Are you talking about the linkage to the governor!?! As Ken said, a few pictures with your finger pointing at the culprit would be great!
Cheers


----------



## offwrk2hnt (Feb 20, 2014)

ok, here is picture red arrow pointing to switch. its normally a little lower - down than this picture shows while running. Then after a few mins something happens ans this swithc pulls all the way up and tractor cuts off.....then i cant even move the switch.


----------



## pogobill (Jan 31, 2012)

There is a speed adjustment / throttle stop screw right there in the carburetor throttle lever ( not Switch). Try adjusting this screw so that the throttle lever doesn't come back so far ( or up so high as you describe) and choke the engine. Sounds like that might be your problem!?!


----------



## offwrk2hnt (Feb 20, 2014)

while running ......this speed / govener is in the down position...then all of the sudden it goes to an up position and shuts tractor off......this happens while just sitting and running, im not even on the tractor when it happens, not under load or anything?????


----------



## offwrk2hnt (Feb 20, 2014)

here is a better pic.......when it cuts off the speed govner is in an extreamly upright position JUST LIKE SEEN HERE, while its runnig its much lower.....as stated it shuts itself off while just idling.....


----------



## offwrk2hnt (Feb 20, 2014)

and after it moves up into this position and shuts off it is stuck there i cant move that swich at all?????im completely at a loss....as stated all this while idling, im not touching anything.....does this on its own after just 2-3 mins of running.


----------



## pogobill (Jan 31, 2012)

Sounds like a problem with your governor perhaps.
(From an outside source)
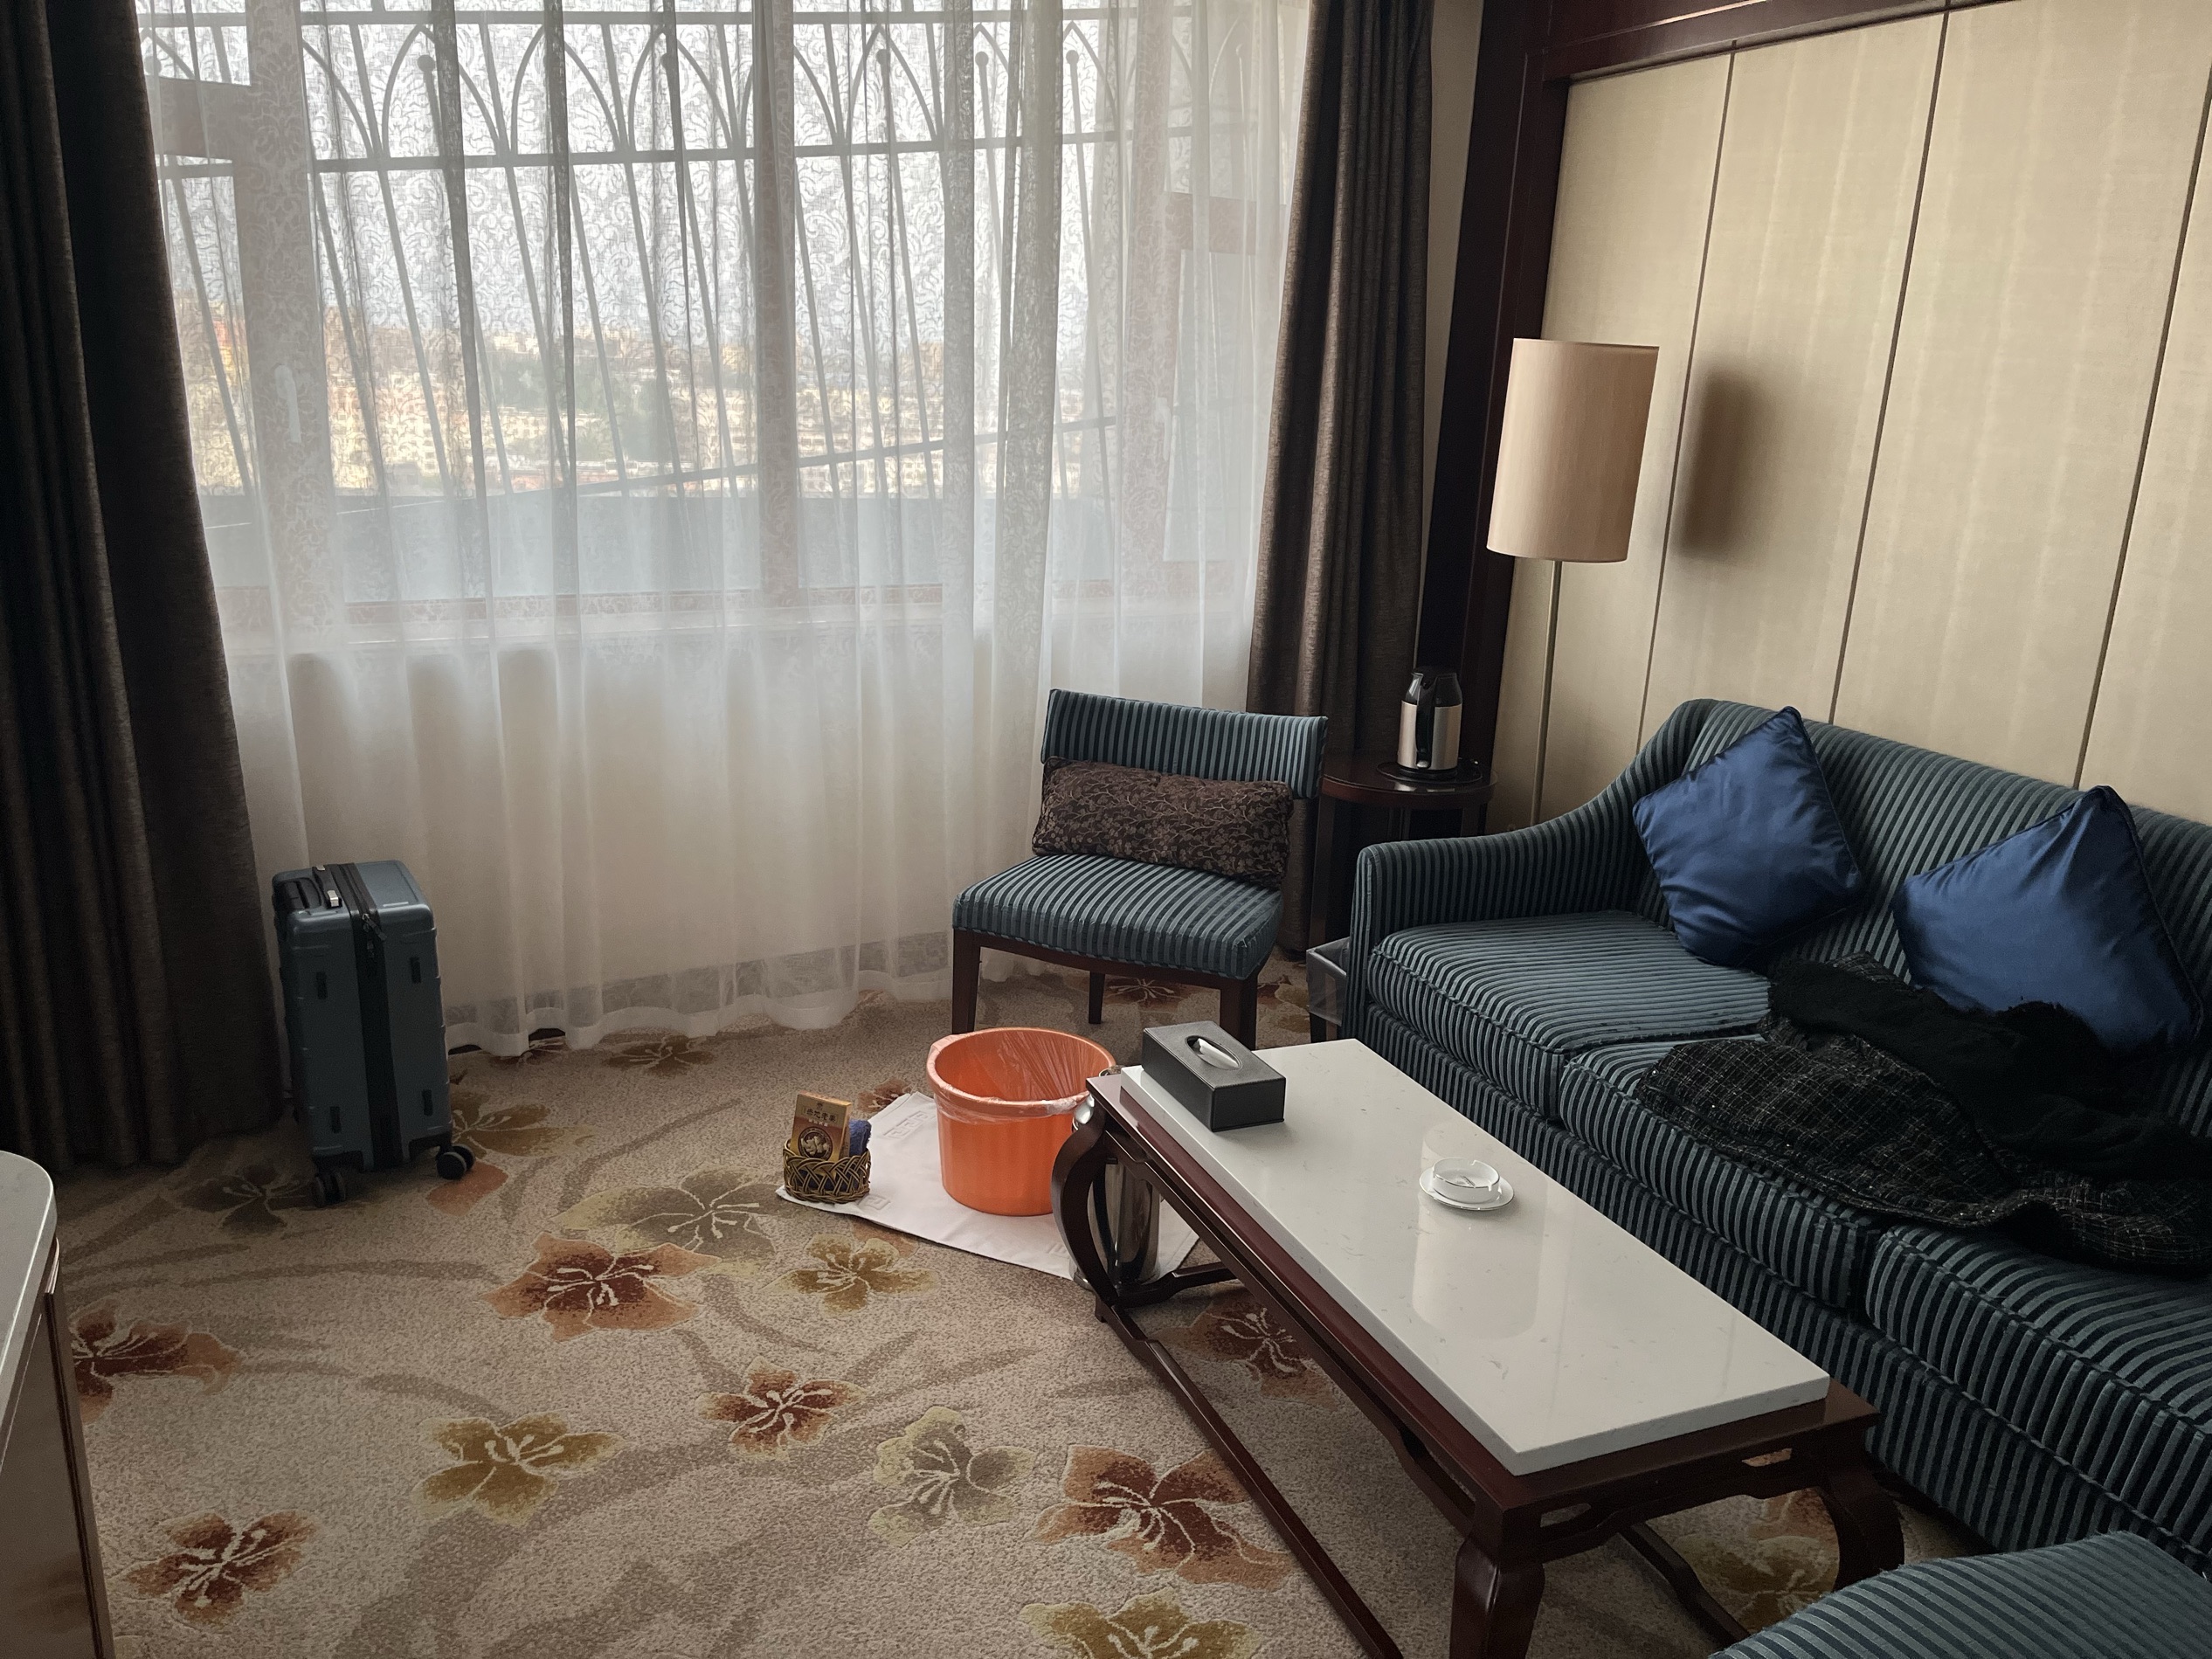 这是青甘大环线中住的最舒心的酒店，服务非常周到，临时订的房间也不贵还帮我升级了，住两天每天提供黄瓜面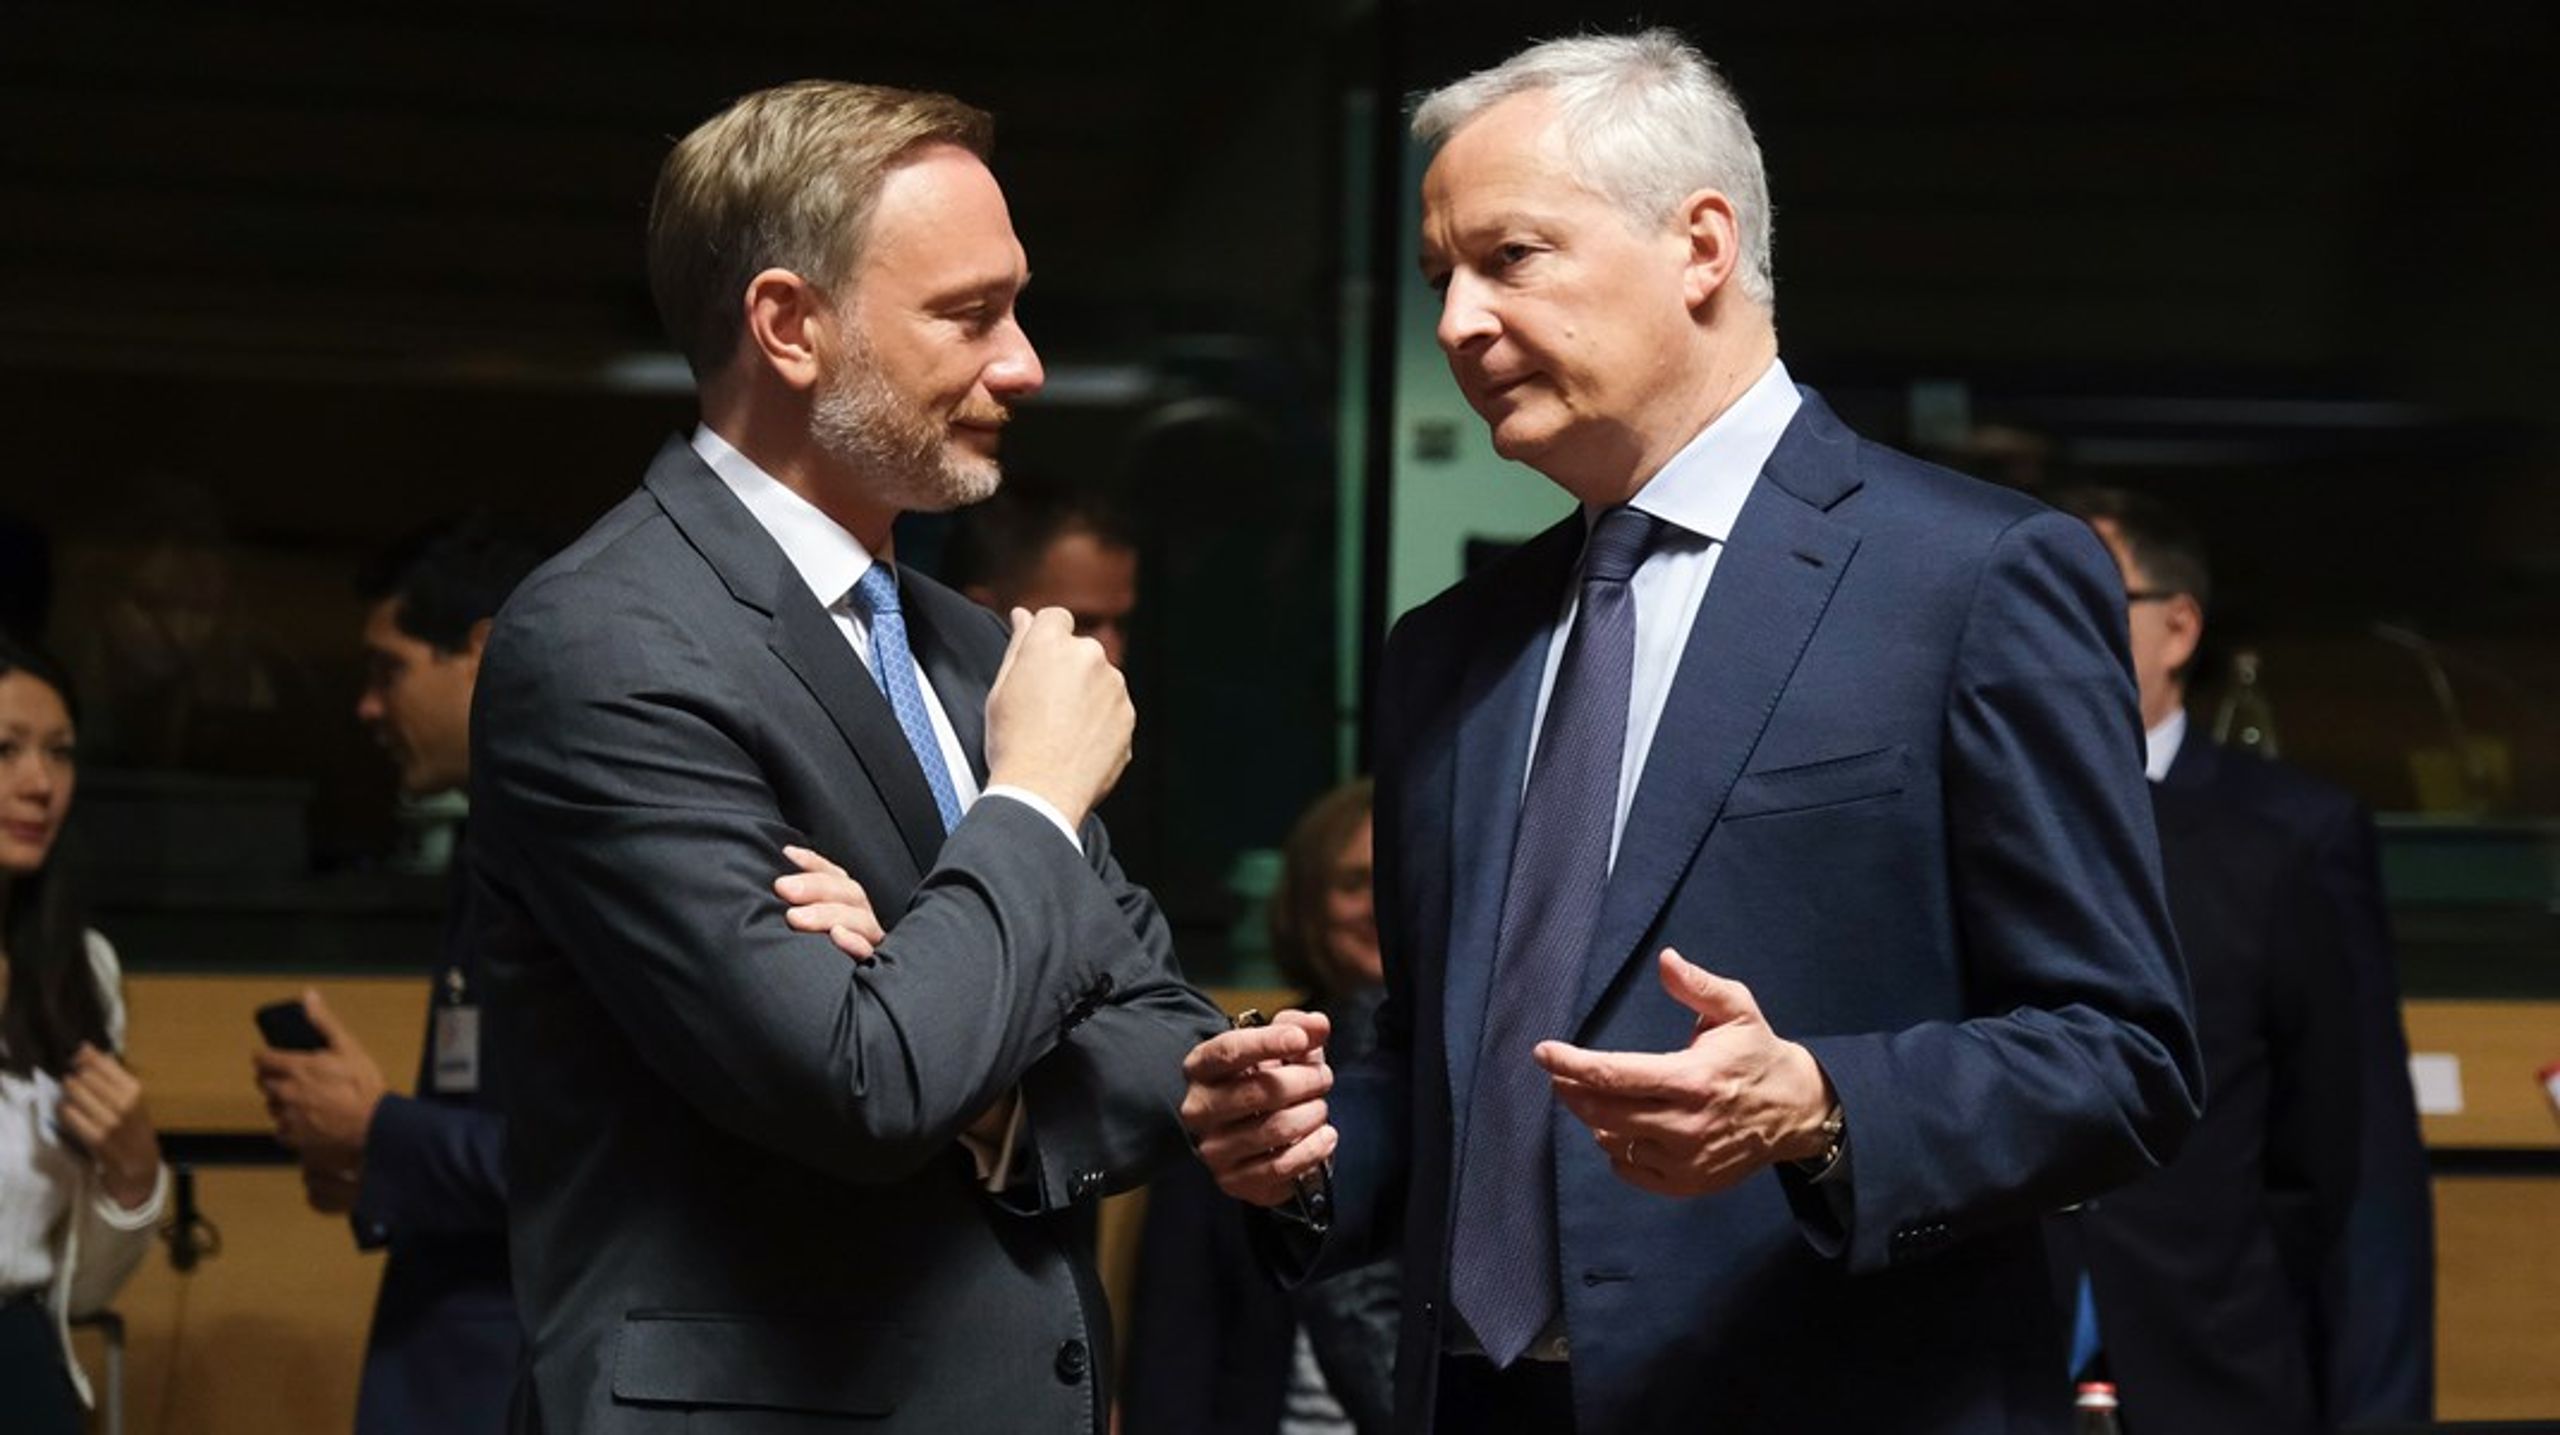 Tysklands finansminister Christian Lindner och Frankrikes Bruno Le Maire rapporteras ha spenderat åtskillig tid på att försöka nå enighet om EU:s nya finanspolitiska regelverk. Mycket hänger på att deras två länder lyckas komma överens.

As a check, disconnect the rod from the governor to the carb and manually work the carb butterfly, should be able to get a normal motion of throttle that way with no runaway. If that's the case, check the governor linkage rods, springs and the governor as well.
You may need to get a manual for the proper method of setting the up the governor and the rods, etc.


----------



## film495 (Nov 1, 2013)

I have an old 1968 3hp Evinrude outboard and one year it would start and then cut out after about running for 5 seconds. I worked on it for a good day and a half pulling my hair out. Eventually I got a fresh can of gas and it started up and ran fine. Still runs fine years later.


----------